Determinar empiricamente os respectivos limiares de intensidade de canal por placa para garantir que o sinal segmentado desejado corresponda ao sinal na imagem bruta e minimizar o sinal de fundo. Para separar as células vivas das mortas, defina o tamanho do núcleo e os limiares de intensidade. Meça o tamanho do núcleo clicando duas vezes e visualize a intensidade exibida.
Ao usar imagens de 40 X, mantenha os parâmetros padrão e execute o processamento. Com os dados quantitativos tabulares resultantes, construa perfis fenotípicos para comparar diferentes linhagens celulares ou condições de tratamento. Executar o notebook Jupyter célula por célula, utilizando o software Jupyter para geração e visualização do perfil fenotípico.
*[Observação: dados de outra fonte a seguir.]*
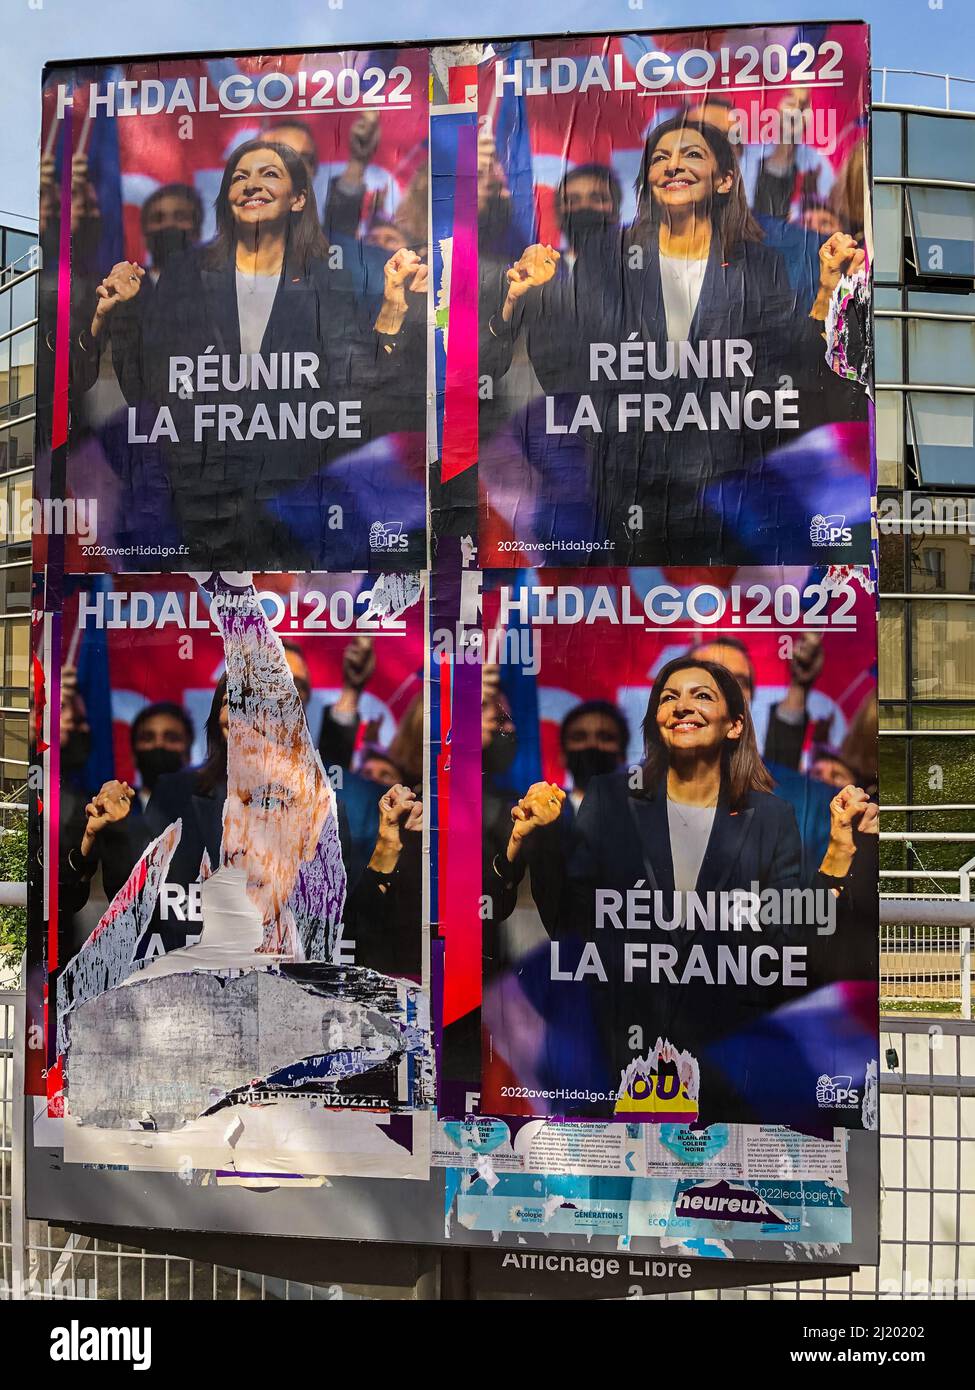 Saint Maurice, France, banlieue parisienne, Panneaux d'affiches électorales françaises, sur mur, rue, Hidalgo, candidate féminine, Parti socialiste, élections en france Banque D'Images

As imagens foram segmentadas e as características fenotípicas extraídas. Um total de 126 características quantitativas que poderiam ser agregadas em perfis fenotípicos bem fundamentados foram determinados. Algumas características apresentaram alterações com o tratamento composto.
Por exemplo, a intensidade de fluorescência da alfa-sinucleína em tirosina hidroxilase, ou células TH positivas, diminuiu após o tratamento com o inibidor de quinase LARK2 PFE-360. Outras características, como o comprimento da rede de neuritos MAP2 ou a proporção de neurônios positivos para HT, apresentaram diferenças apenas entre as linhagens celulares testadas, mas não no tratamento composto.